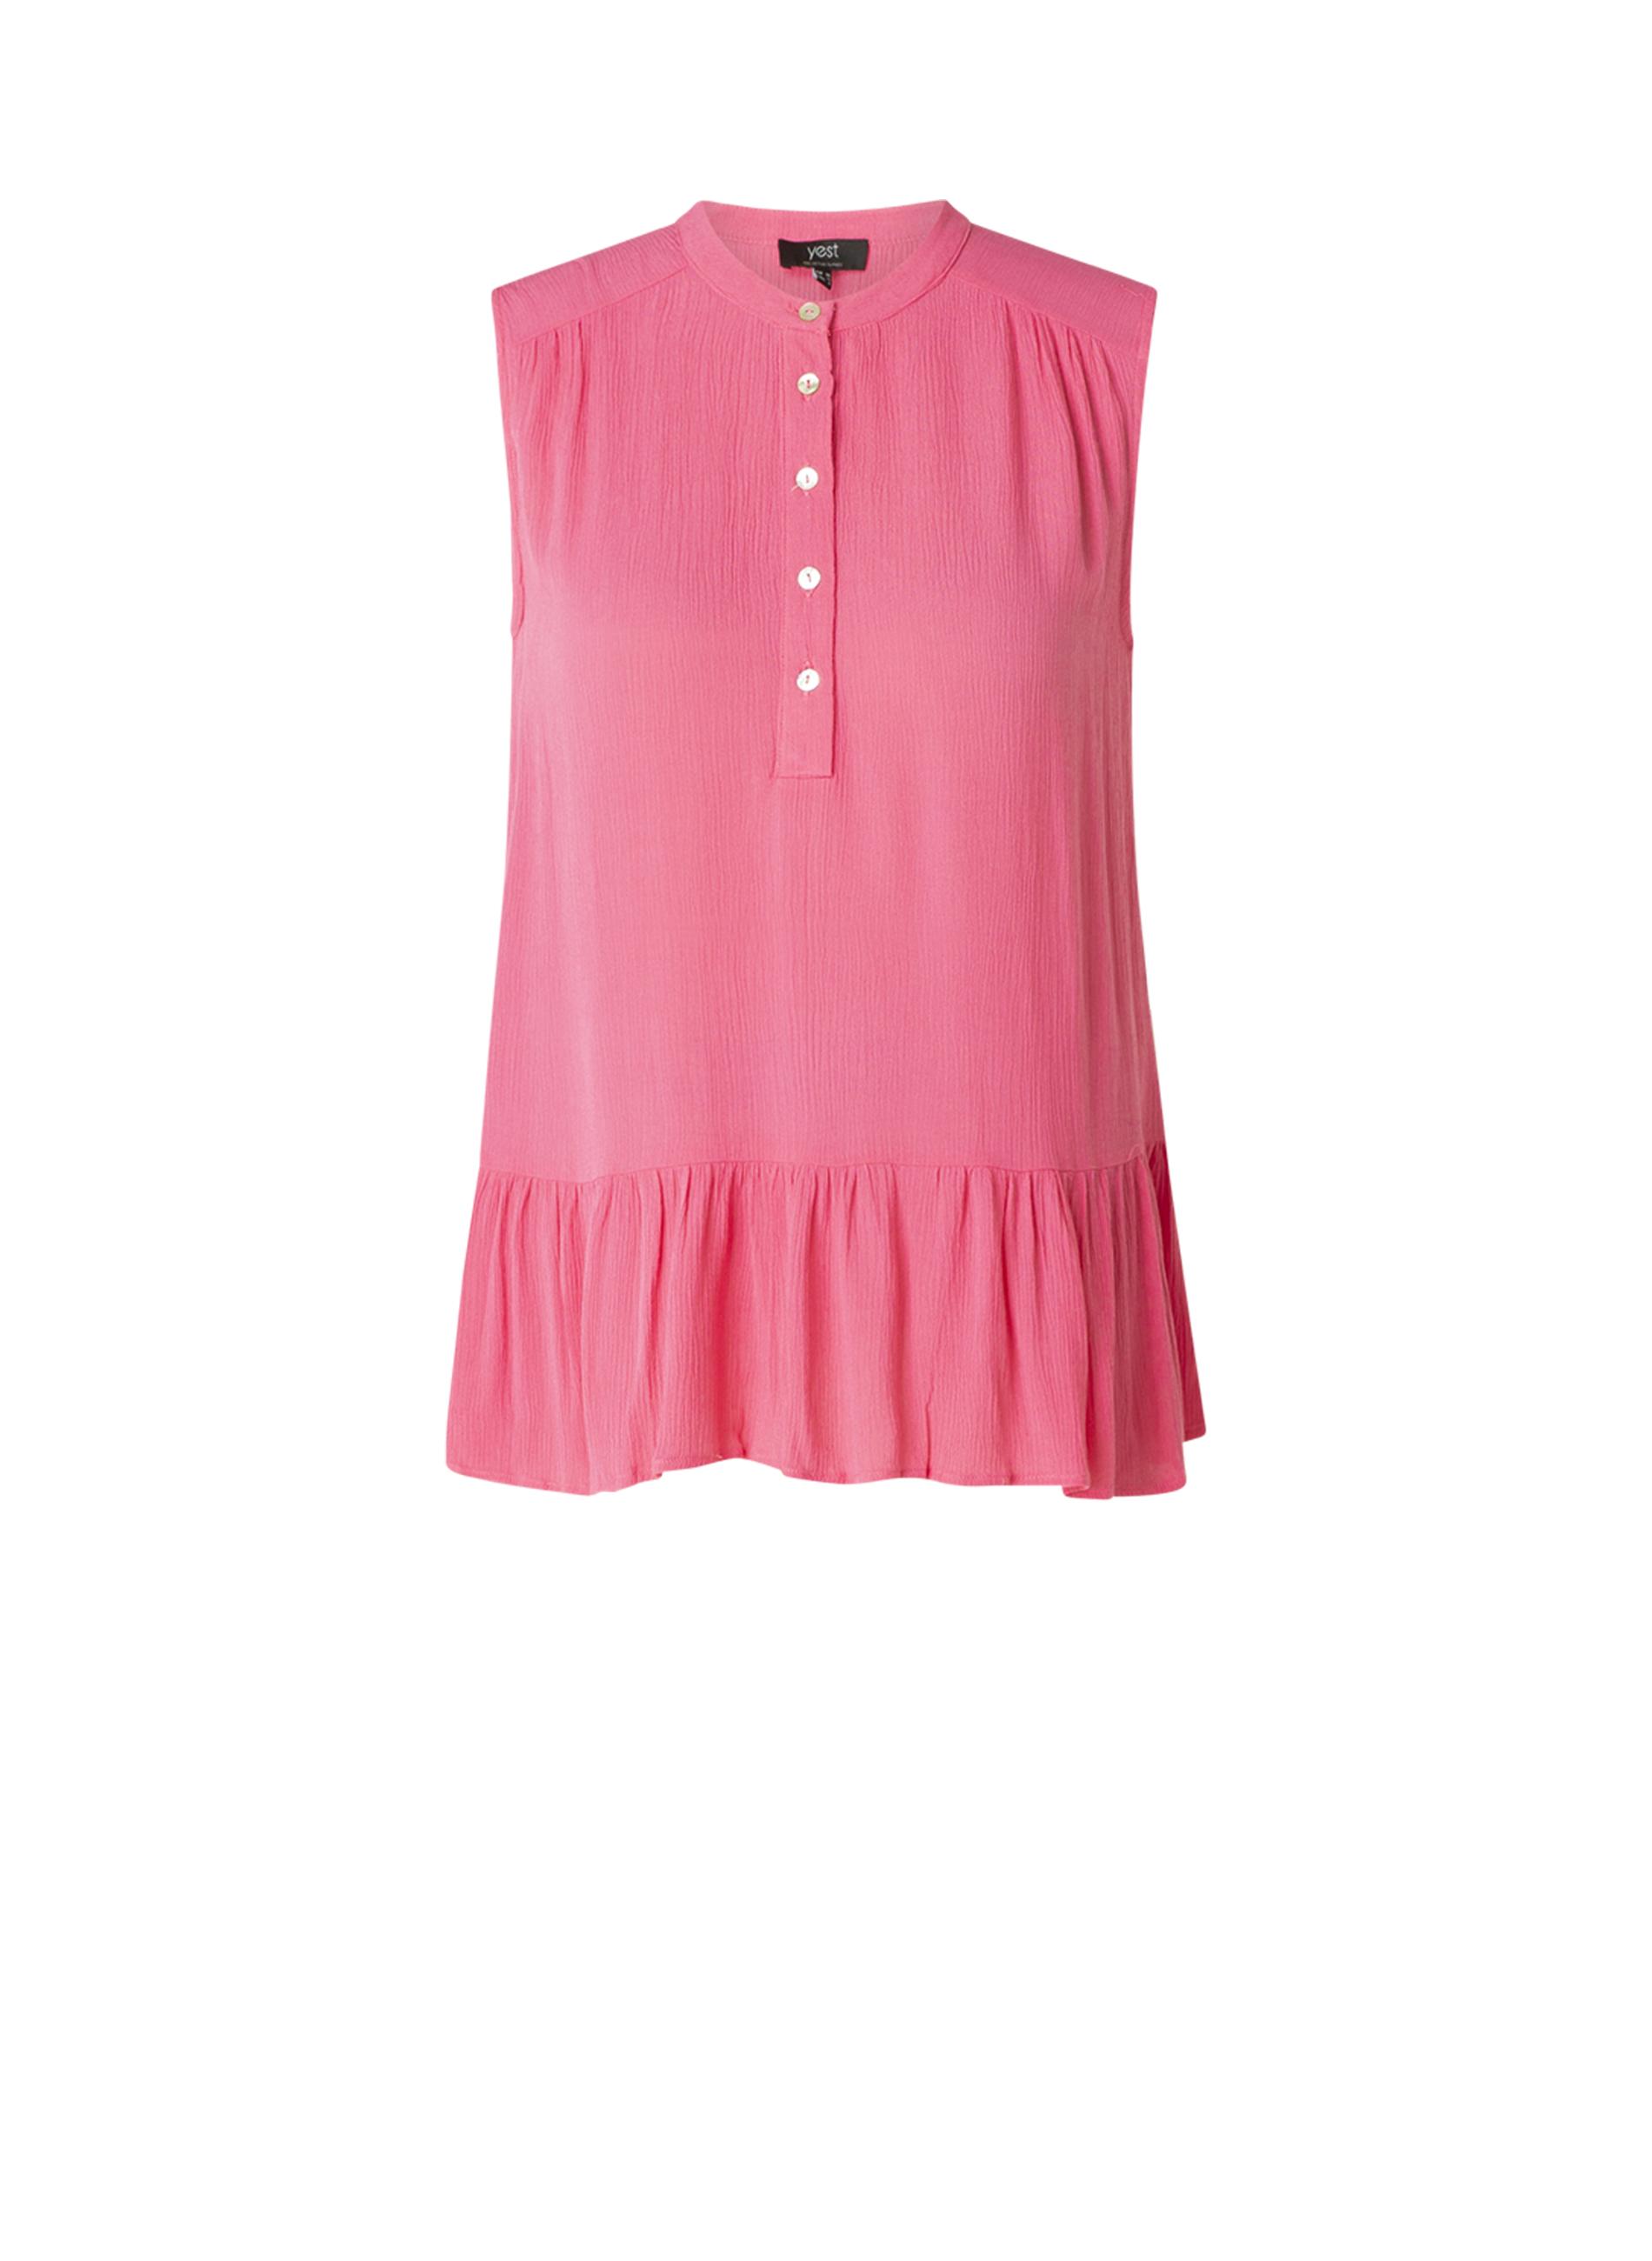 Yesta shirt Leticia 70 cm
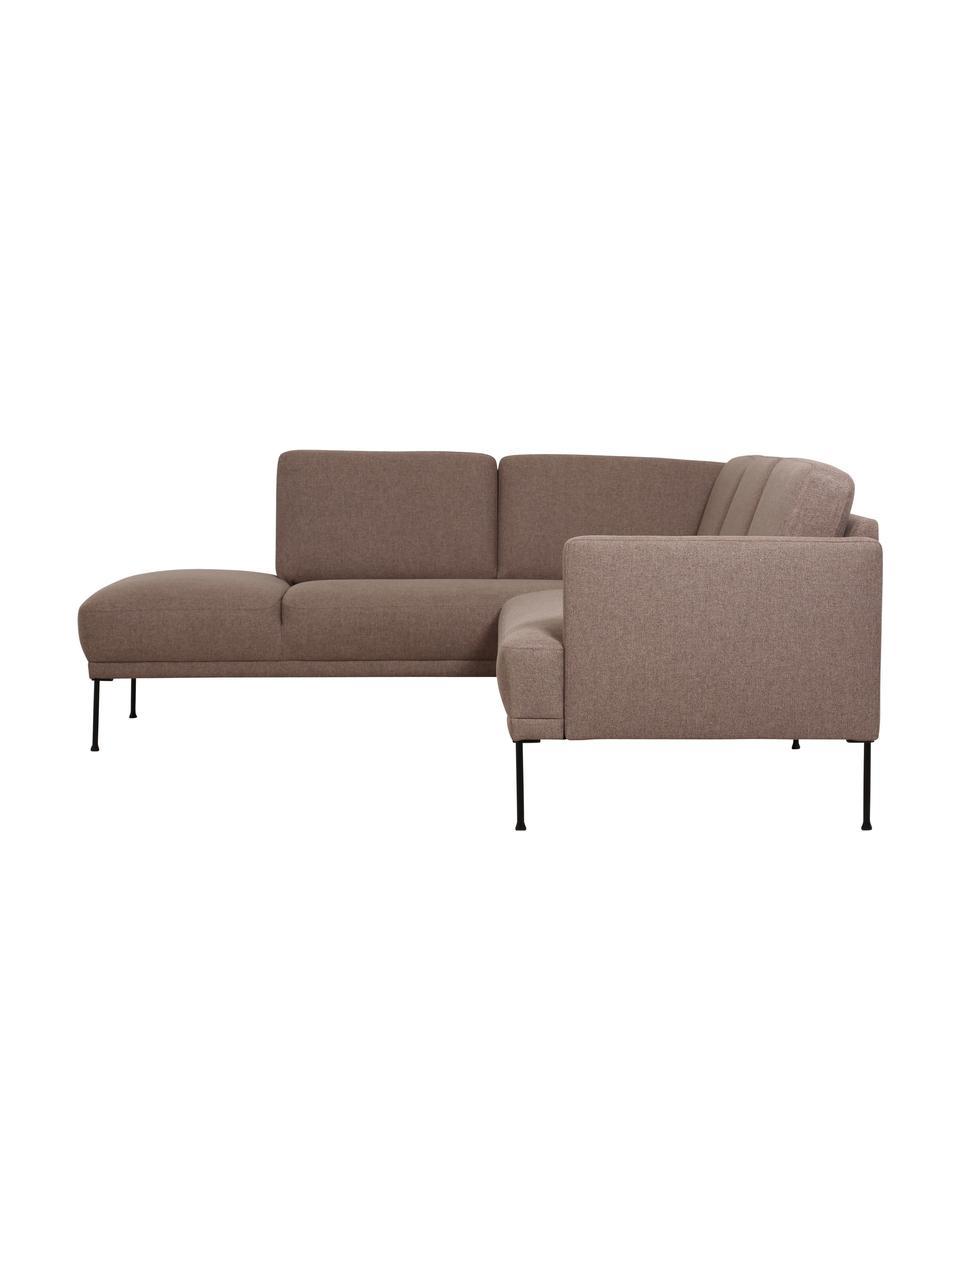 Canapé d'angle brun avec pieds en métal Fluente, Tissu brun
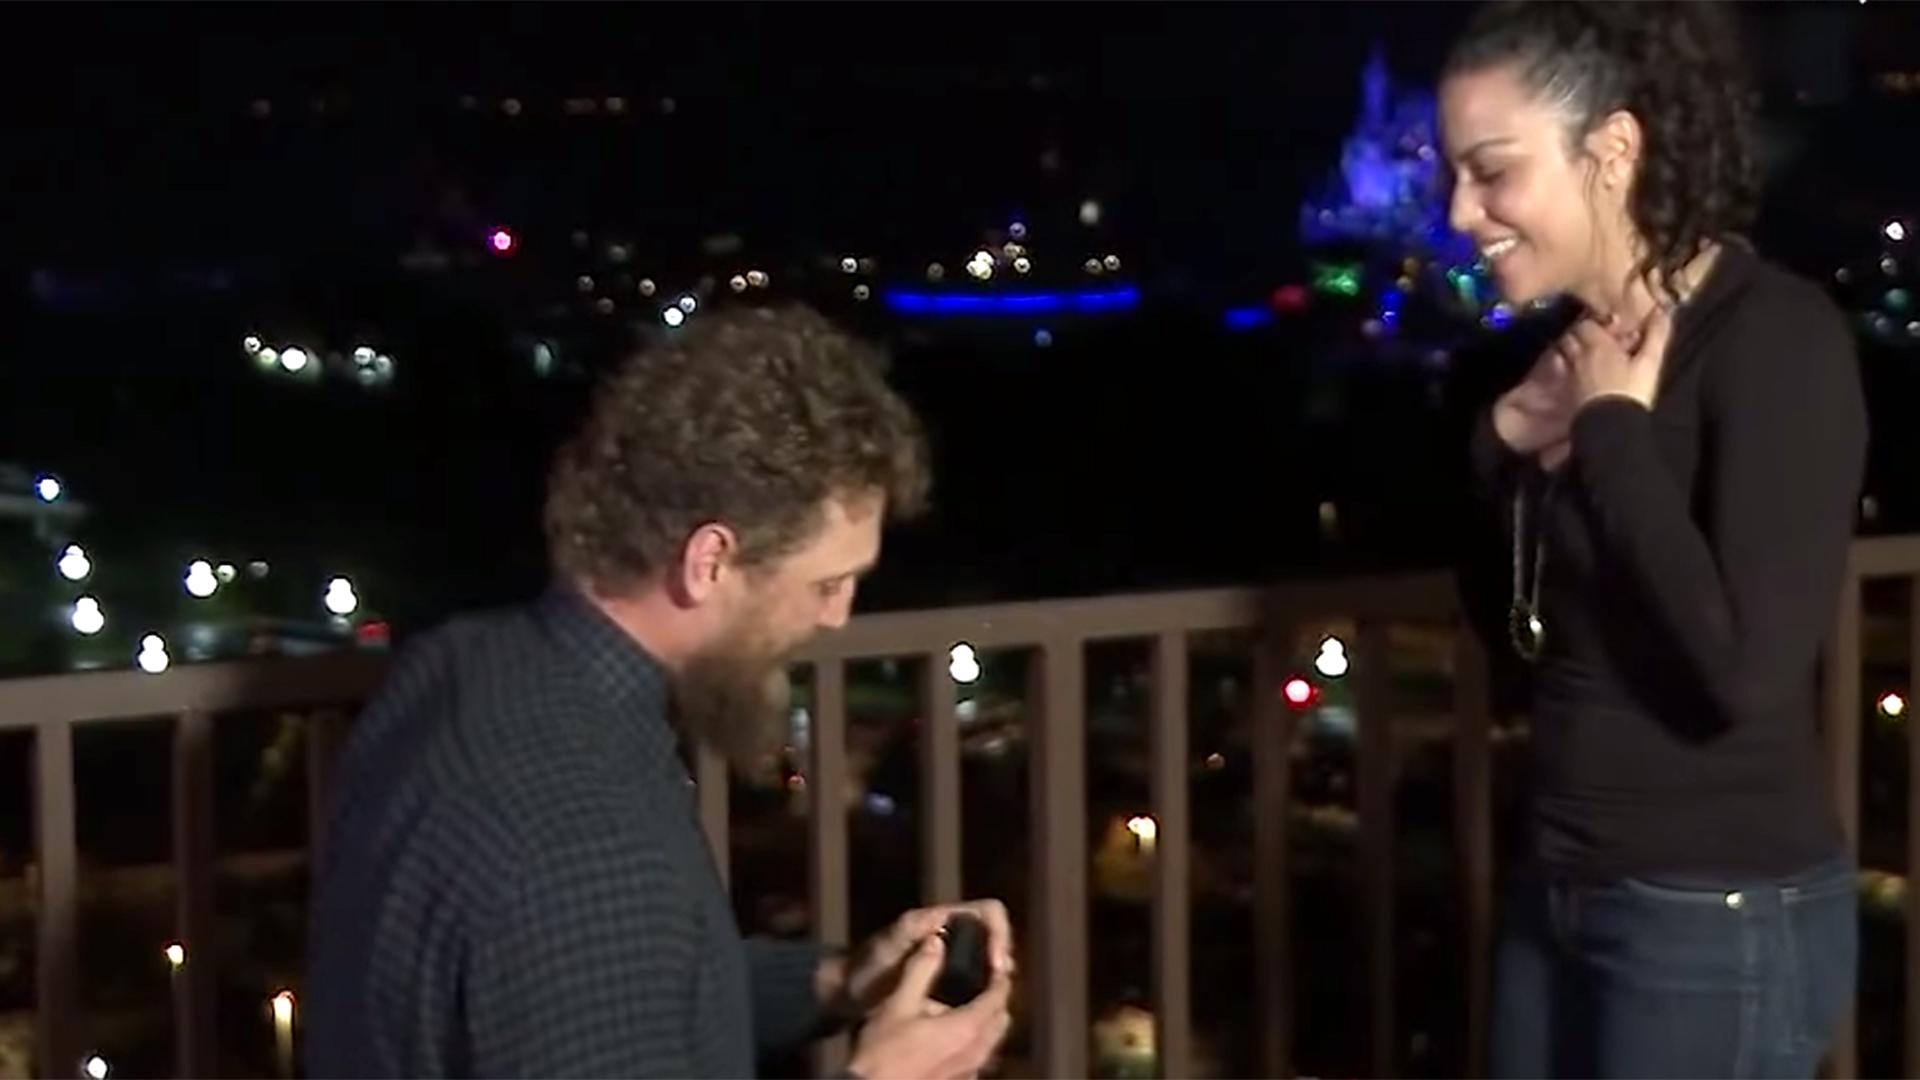 Mlb Star Hunter Pence Pulls Off Magical Wedding Proposal At Disney World

__________

## Problem description
From the first line to the last, repeat the data above exactly and leave the pictures out.

## Solution to this task
 Yesta shirt Leticia 70 cm
 Canapé d'angle brun avec pieds en métal Fluente, Tissu brun
 Mlb Star Hunter Pence Pulls Off Magical Wedding Proposal At Disney World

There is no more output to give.